The trick is to break down the undertaking into manageable stages. Focus on one area of your finances at a time, and you’ll eventually be able to get everything in order. Here’s how you can get started.
When you create a budget, you essentially make a plan for spending and saving each month. You determine how much money you earn monthly and where that money goes. If you have additional money left over after you pay for your needs, you can use your budget to decide how to spend the extra cash, whether saving it, putting it toward your debt, or spending it on a hobby or other non-essential.
Some of the benefits of budgeting include:
Creating a budget does require a bit of preparation and planning, but it often isn’t too difficult. There are a couple of steps you can take to ensure your budgeting process goes smoothly.

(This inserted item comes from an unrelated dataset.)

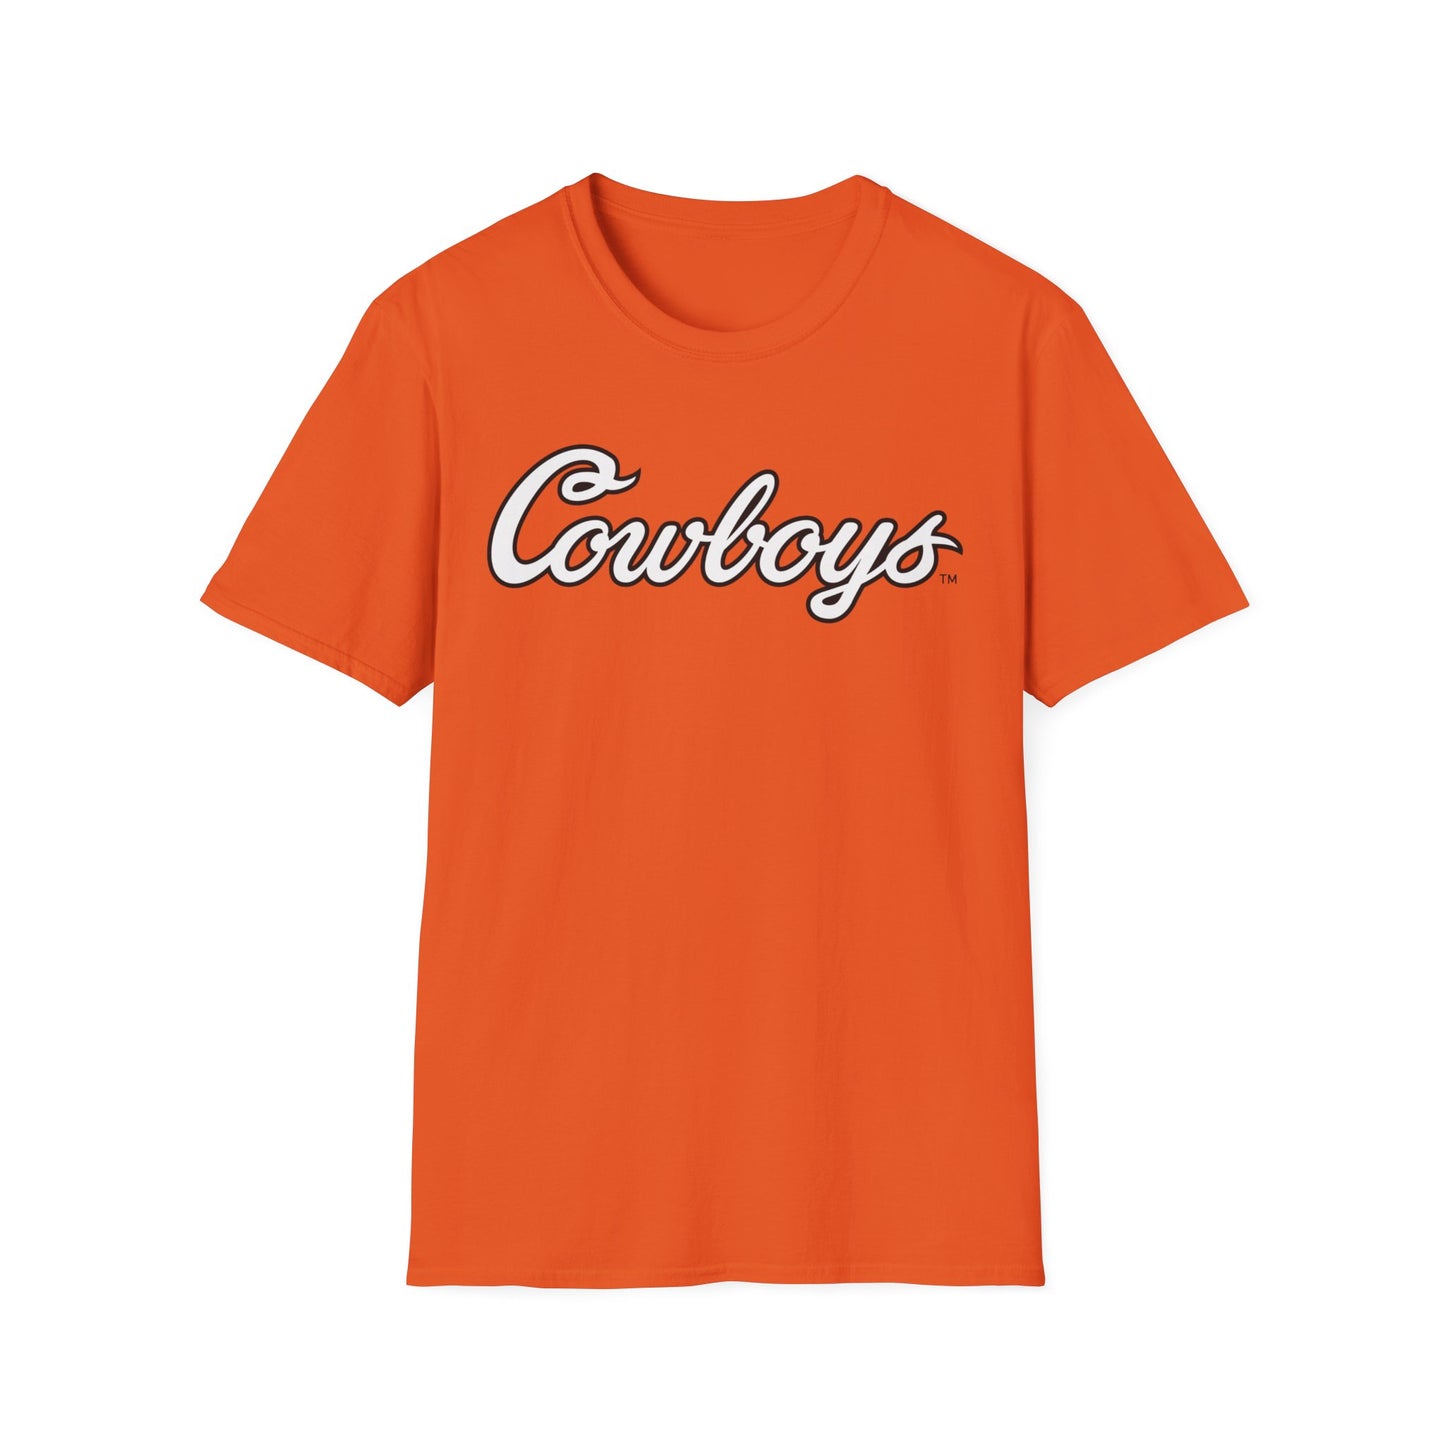 Hilton Marsh #65 Orange Cursive Cowboys T-Shirt

To create a budget, you need to know how much money you have coming in and going out.
First, you want to figure out how much you bring home during a typical month. If you have a job, you can look at the net payment amount on your paystub to see how much you actually bring home in a month. You’ll need to add up the monthly totals of each of your paychecks if you’re paid more than once a month.
Next, add up the total amount of your monthly expenses. You can review your bank and credit card statements to see how you spend your money each month. Your statements can also give you an idea of any irregular expenses you have, such as a quarterly car insurance payment or biannual tuition payment.

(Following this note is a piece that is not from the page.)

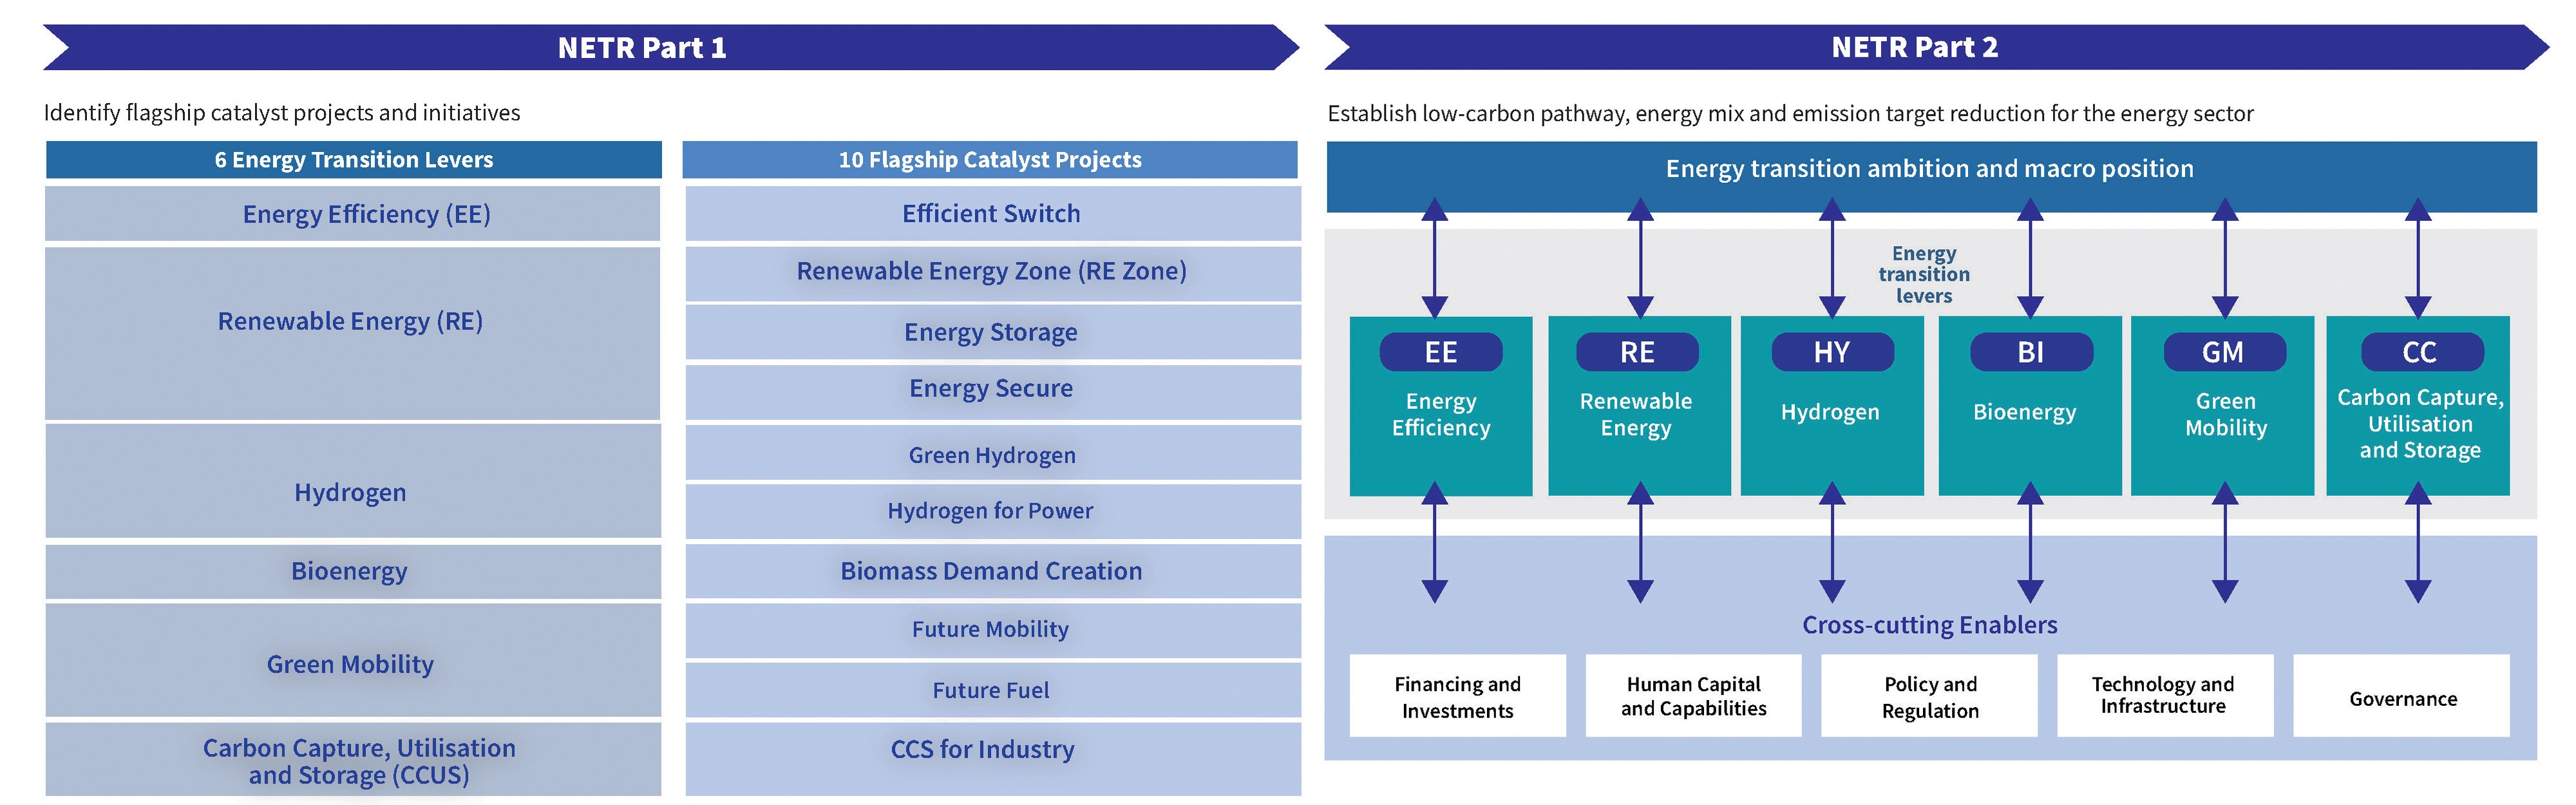 国家能源转型路线图 (NETR) 制定（第 1 部分和第 2 部分） 资料来源：NETR
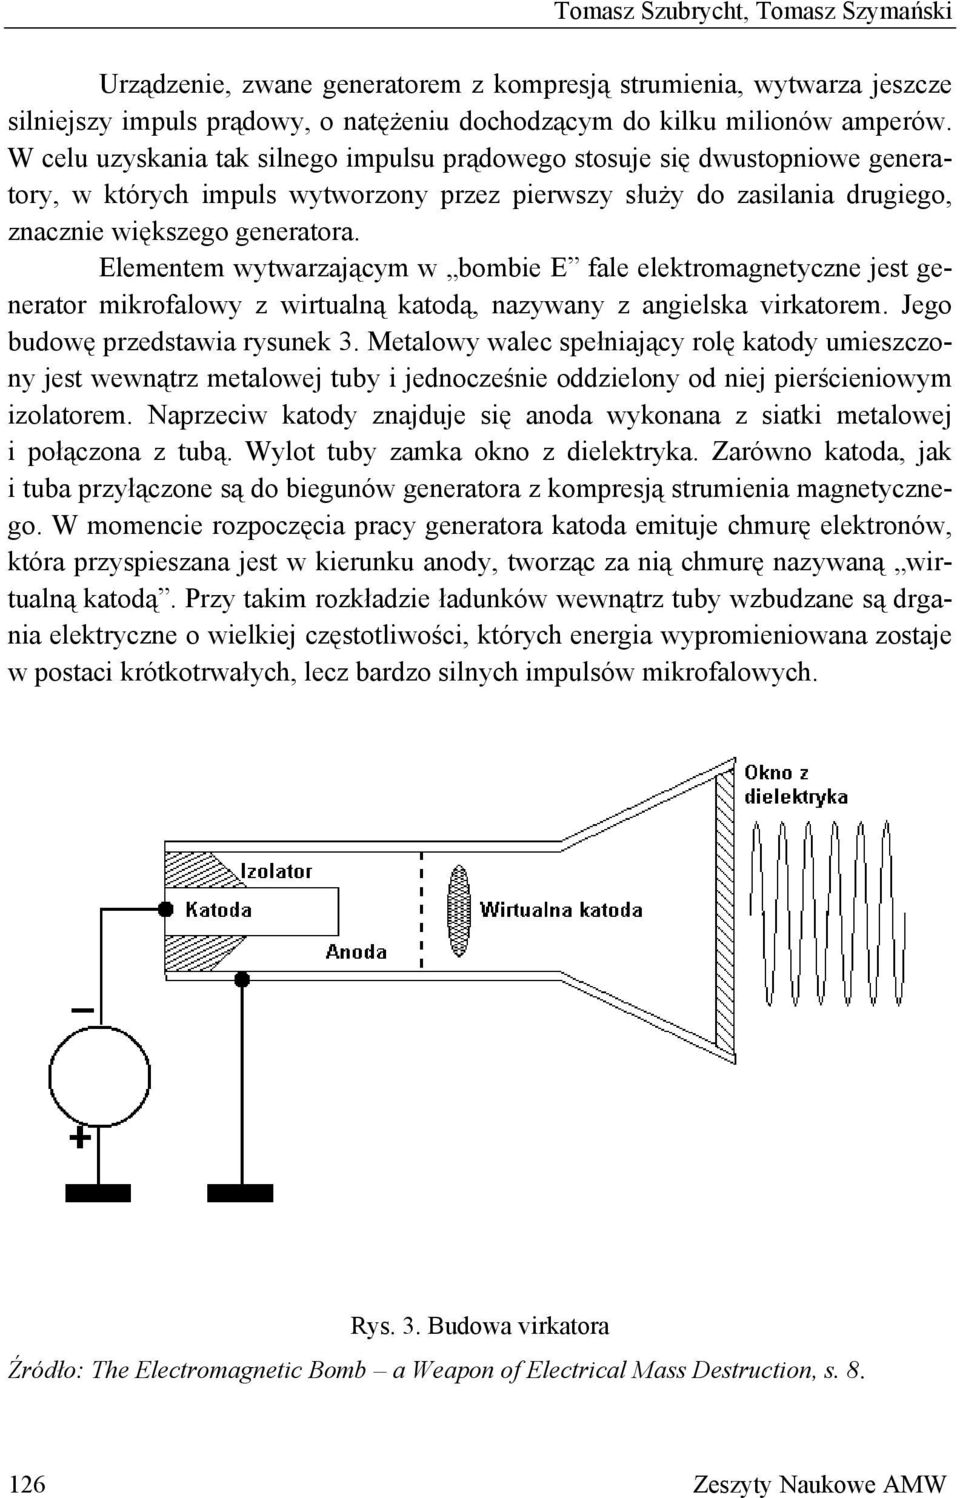 Elementem wytwarzającym w bombie E fale elektromagnetyczne jest generator mikrofalowy z wirtualną katodą, nazywany z angielska virkatorem. Jego budowę przedstawia rysunek 3.

Now that you have an income amount and an amount for your monthly expenses, it’s time to compare the two. Ideally, your income will be the same as or more than your expenses. If your expenses are higher than your income, that means you’re spending more than you’re earning and might end up in debt.
The next step in budgeting is to create categories for your expenses and assign a value to each one. Some people find that it helps to separate their expenses into fixed and variable categories.
Fixed expenses typically include:
Variable expenses typically include:
Fixed expenses are often the easiest to budget for — simply record how much you spend on them monthly. You might have to use a bit of guesswork when figuring out how much to budget for variable expenses. Looking back over your statements, however, can give you an idea of the average amount you spent on clothing, groceries, and other variable expenses over the past few months. You can use that average as a starting point and adjust as needed.
Once you know how much your variable and fixed expenses are, or are likely to be each month, you can make adjustments. For example, if you have debt you’d like to pay off, look for expenses to cut back on, then direct that money to your loan payments. The same is true if you’d like to save more, whether it’s for an emergency fund or retirement.
Remember that a budget isn’t written in stone. You should adjust your budget as your goals and situation change. For example, if you get a pay raise or pay off debt, you can work those changes into your budget and find another use for your excess funds.
Once you’ve got a budget in place, you can turn your attention to other areas.
Even with a budget in place, it can be challenging to stick to it and to work on your savings goals. Let’s face it — putting money aside for a rainy day just isn’t as much fun as going on a weekend getaway, enjoying a night out with friends, or purchasing a stylish new outfit. Before you know it, though, the money you meant to set aside for your emergency fund, down payment, or other savings goal, is gone.
One way to “trick” yourself into setting money aside is to pay yourself first. When you pay yourself first, you choose an amount you can comfortably set aside from each paycheck and set up a direct deposit of that amount. Instead of landing in your checking account with the rest of your pay, the amount you want to save gets safely diverted into a savings account. After you’ve set up the direct deposit, you don’t have to think about it again. Over time, you can build up your emergency fund or work toward your other financial goals with little, if any, friction.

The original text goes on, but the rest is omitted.